CG 142 guidance dated June 21 paragraph 1.2.5 actually says a comprehensive assessment SHOULD be team based and draw on a range of professional skills.
The important word here is 'should' and its legal definition which is an advisory term and not a mandatory term like 'will' and 'shall'.
its is very easy to see why some clinics particularly private ones will interpret this as mandatory. As they avoid any potential issues at a later date if someone appeal a diagnosis result.
I am not sure i would say its factually wrong either as it probably how their lawyers haver interpreted the guidance to avoid future liability
I was diagnosed by a consultant psychiatrist. The psychiatric approach for adult autism diagnosis seems to place more emphasis on the patient's own history, with tests and direct observation taking a less prominent role. Which suited me, because my masking is pretty flawless; only when I'm exhausted or very, very anxious would my autistic traits be at all noticeable.
Martin,
thanks for the explanation makes quite a bit more sense to me now. My assessment was via private medical insurance through work so i didn't have a choice in who i went to.

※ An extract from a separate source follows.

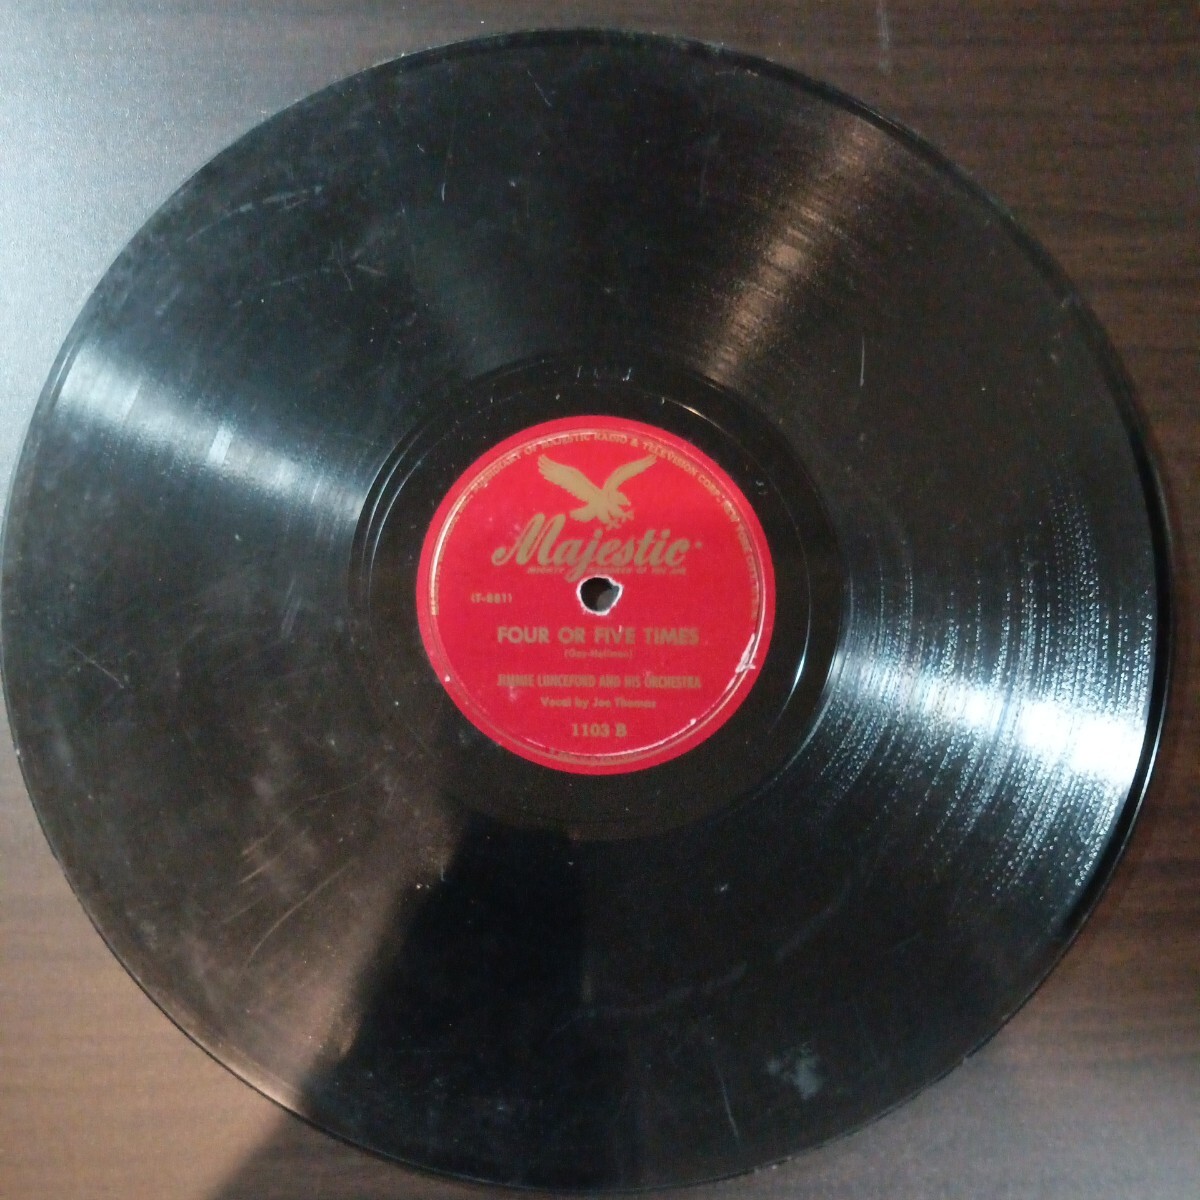  rice majestic 10.SP!jimi-* Ran s Ford. record! antique retro all ti-z pops Jazz Dance music

ADOS is a horrible and stressful assessment method to go through and i know a lot of people write this off as childish, on the plus side of the feedback was extremely positive in identifying communication and sensory issues and a big help towards unmasking.

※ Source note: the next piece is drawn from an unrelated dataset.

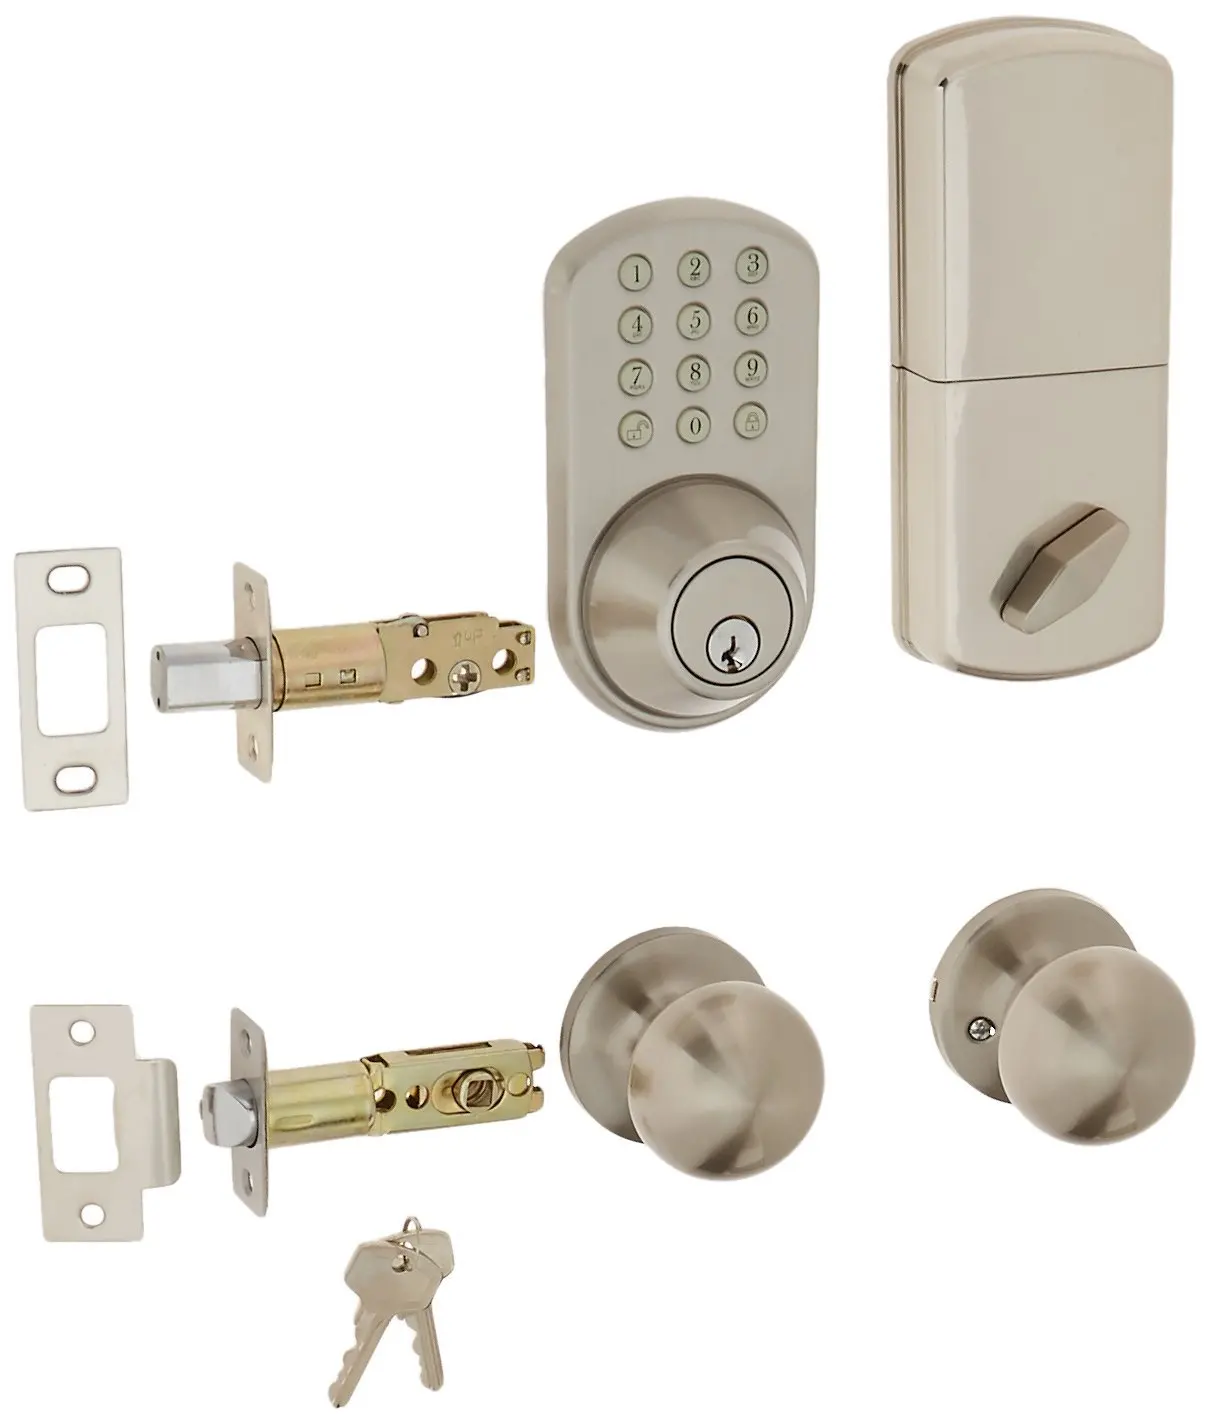 remote keyless entry house door locks

Grogu's Dad said:On my assessment report it says that to get a successful clinical Autism diagnosis you must meet the criteria of both ADI and ADOS and the assessment must be carried out by a multi discipline assessment team with all disciplines being in agreement.
Well, this is factually wrong. That is just some clinicians thinking that their approach is the best, but extending that idea - wrongly - to become "All other approaches are invalid".
Taken verbatim from the NICE guidelines for the assessment of ASD, "Diagnostic assessment, which in the UK uses ICD-10, is often within a multi-disciplinary team but at a minimum is by a qualified clinician, usually a clinical psychologist, psychiatrist or neurologist." From the document: Autism Recognition, referral, diagnosis and management of adults on the autism spectrum, National Clinical Guideline Number 142, p. 25.
I think there is a welter of problems regarding diagnosis and support. The NHS seem to have chosen the most long-winded and expensive method of making adult autism diagnosis. Firstly, it seems to be based on that used for children, with very little modification for application to adults. Secondly, it involves a team of clinicians and takes a long time, therefore it is expensive and allows ridiculous backlogs to build up. This has been recognised by the NHS increasingly paying for private assessments that are quicker and often employ only one, suitably qualified, clinician (the 'Right to Choose' scheme).
Many employers, local governments, social services and educational institutions etc. have no idea what constitutes a valid autism diagnosis and entirely wrongly deny people support that they are fully entitled to. Very often some incompetent pen-pusher makes up erroneous rules, unfortunately, they are not often challenged, as they ought to be.
Grogu's Dad said:i get the feeling it can be a bit of a lottery how the assessment and follow up support process plays out
It certainly seems to be with the NHS. They are mostly well meaning but under resourced and seriously overworked so the quality of the service is variable at best.
If you can afford it I would recommend going private and get a therapist who has experience of working with autists.
To discuss the different methods of assessment in depth you probably need to speak to a psychologist of psychiatist who specialises in that field, but that will cost quite a bit I suspect.